How to find the limit lim (n+n^ (1/2)+n^ (1/3)+...+n^ (1/n))/n (n →∞)?
The limit of the sequence defined by (n + n^(1/2) + n^(1/3) + ... + n^(1/n)) / n as n approaches infinity is 1. This result is not immediately obvious because the numerator is a sum of n terms, each a power of n, and the denominator is n itself. A direct term-by-term analysis is required to show that all terms except the first become negligible in the limit, leading to the dominance of the linear term.
To analyze the limit formally, we can rewrite the expression as 1 + (n^(1/2)/n) + (n^(1/3)/n) + ... + (n^(1/n)/n). This simplifies to 1 + n^(-1/2) + n^(-1/3) + ... + n^(-(n-1)/n). Each term after the first is of the form n^(-p), where p is a positive exponent (specifically, p = 1 - 1/k for k=2,...,n). As n grows, the most significant of these is the term with the smallest exponent in magnitude, which is n^(-1/2). All other terms have exponents like -2/3, -3/4, etc., which are more negative and thus decay to zero even faster. Therefore, the entire sum from the second term onward is a finite number of terms (for any fixed partial sum) but actually grows in count as n increases; however, the decay rate of each individual term is sufficient to ensure the total contribution vanishes.
The crucial step is bounding the tail of the series. For large n, consider splitting the sum into two parts: terms where k is up to some fixed M, and terms where k > M. For any fixed M, the sum from k=2 to M of n^(-1+1/k) tends to 0 as n→∞ because each term does. For the remaining terms where k > M, note that n^(1/k) ≤ n^(1/M). Thus, each such term is bounded by n^(1/M)/n = n^(1/M - 1). The number of these terms is less than n, so their total is less than n * n^(1/M - 1) = n^(1/M). For any fixed M > 1, 1/M < 1, so n^(1/M) grows sublinearly, but we need it to vanish when divided by n in the original expression. Actually, in our rewritten expression, we are not dividing by n again; we already have the bound for the sum of these terms as n^(1/M). Since 1/M is positive, n^(1/M) → ∞, which is not a vanishing bound. This indicates the naive counting bound is too weak because it overcounts. A better approach is to note that for k ≥ log n, n^(1/k) is bounded by a constant (since n^(1/log n) = e), so those terms contribute O(1) each, and there are O(log n) of them, so their total contribution is O(log n), which when divided by n tends to 0. For k < log n, we use the fact that n^(1/k)/n = n^(1/k - 1) decays because 1/k - 1 ≤ -1/2 for k≥2. More rigorously, one can show the entire sum S = ∑_{k=2}^n n^(1/k - 1) is o(1) by comparing it to an integral or using the fact that the largest term is n^(-1/2) and there are n terms, but this product n * n^(-1/2) = n^(1/2) diverges, so a more careful estimate is needed. Actually, the correct observation is that for k ≥ 2, n^(1/k) ≤ n^(1/2), so the sum is at most (n-1)*n^(1/2). Then the original expression is at most (n + (n-1)n^(1/2))/n = 1 + (n-1)/n^(1/2) → 1. And since the expression is clearly at least 1, by the squeeze theorem, the limit is 1.

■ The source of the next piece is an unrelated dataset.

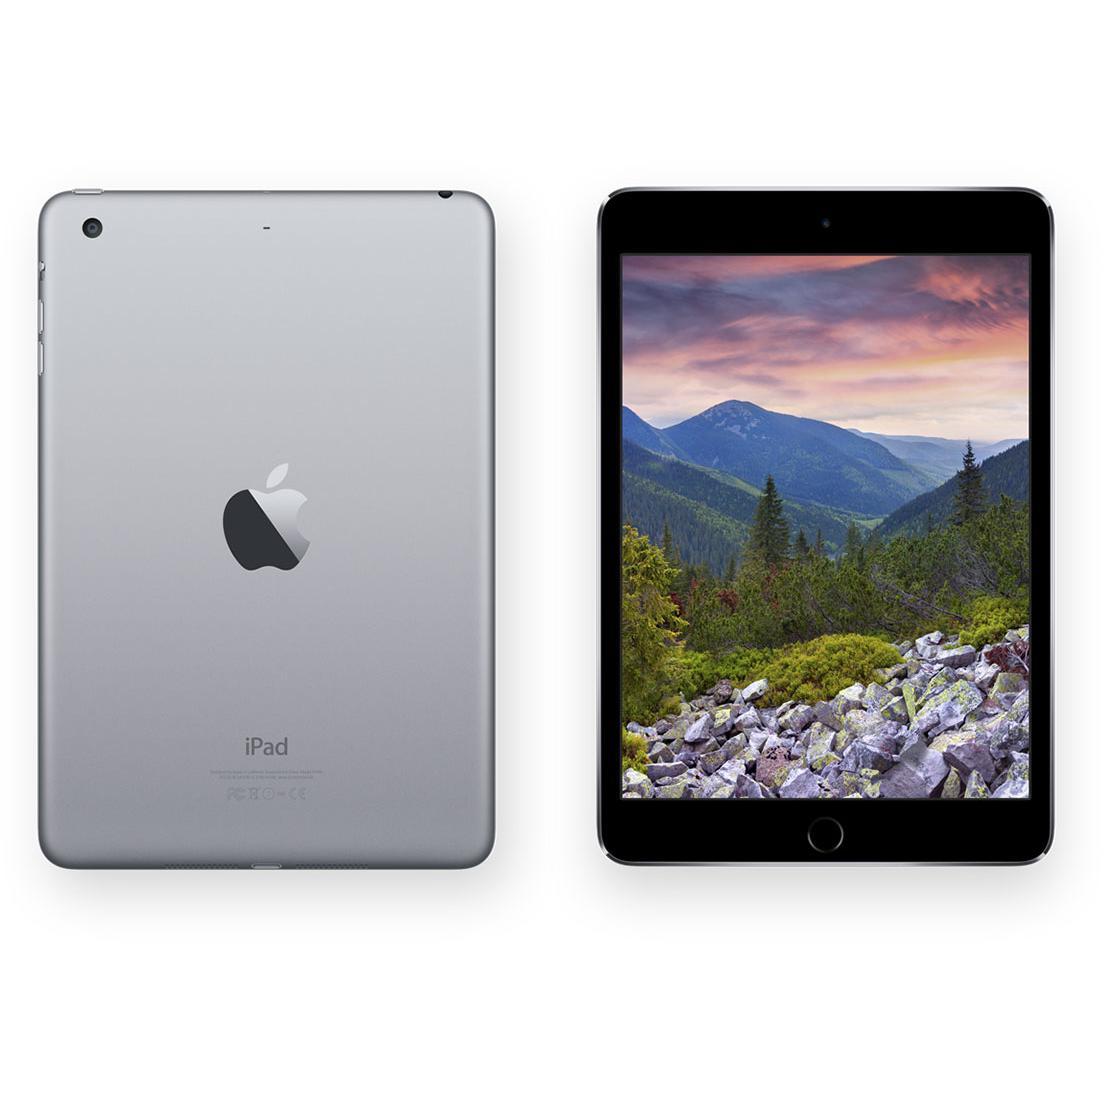 iPad mini 2 7.9'' 64 Go - Wifi - Gris sidéral - Débloqué
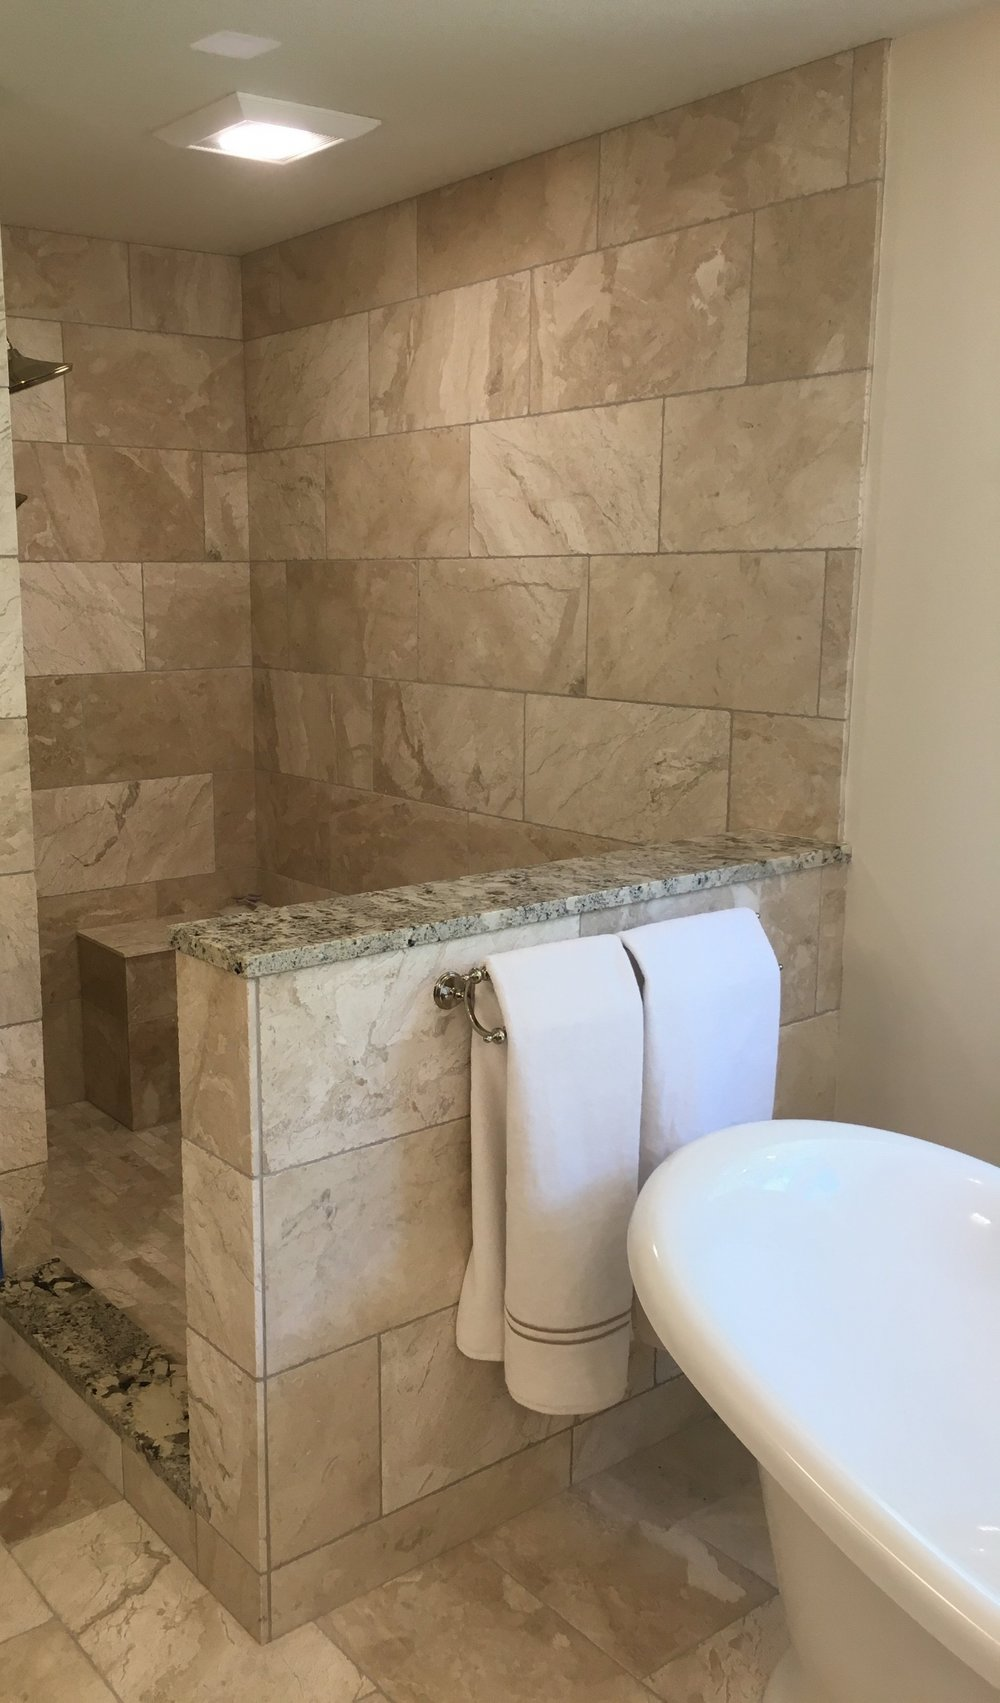 AFTER-an elegant marble walk-in shower

Thus, the limit is determined by the linear term n dominating the sum. The other terms, despite their number increasing, grow too slowly collectively to affect the linear growth rate. The key mechanism is that the highest growth rate among the summands is linear, and any sublinear growth, even when summed over n terms, remains sublinear compared to n. In this specific case, the largest sublinear term is n^(1/2), and the sum of all sublinear terms is bounded by a constant times n^(1/2), which when divided by n tends to zero. This analysis confirms the limit of 1, illustrating how dominant balance works in asymptotic analysis of sequences with terms of differing growth rates.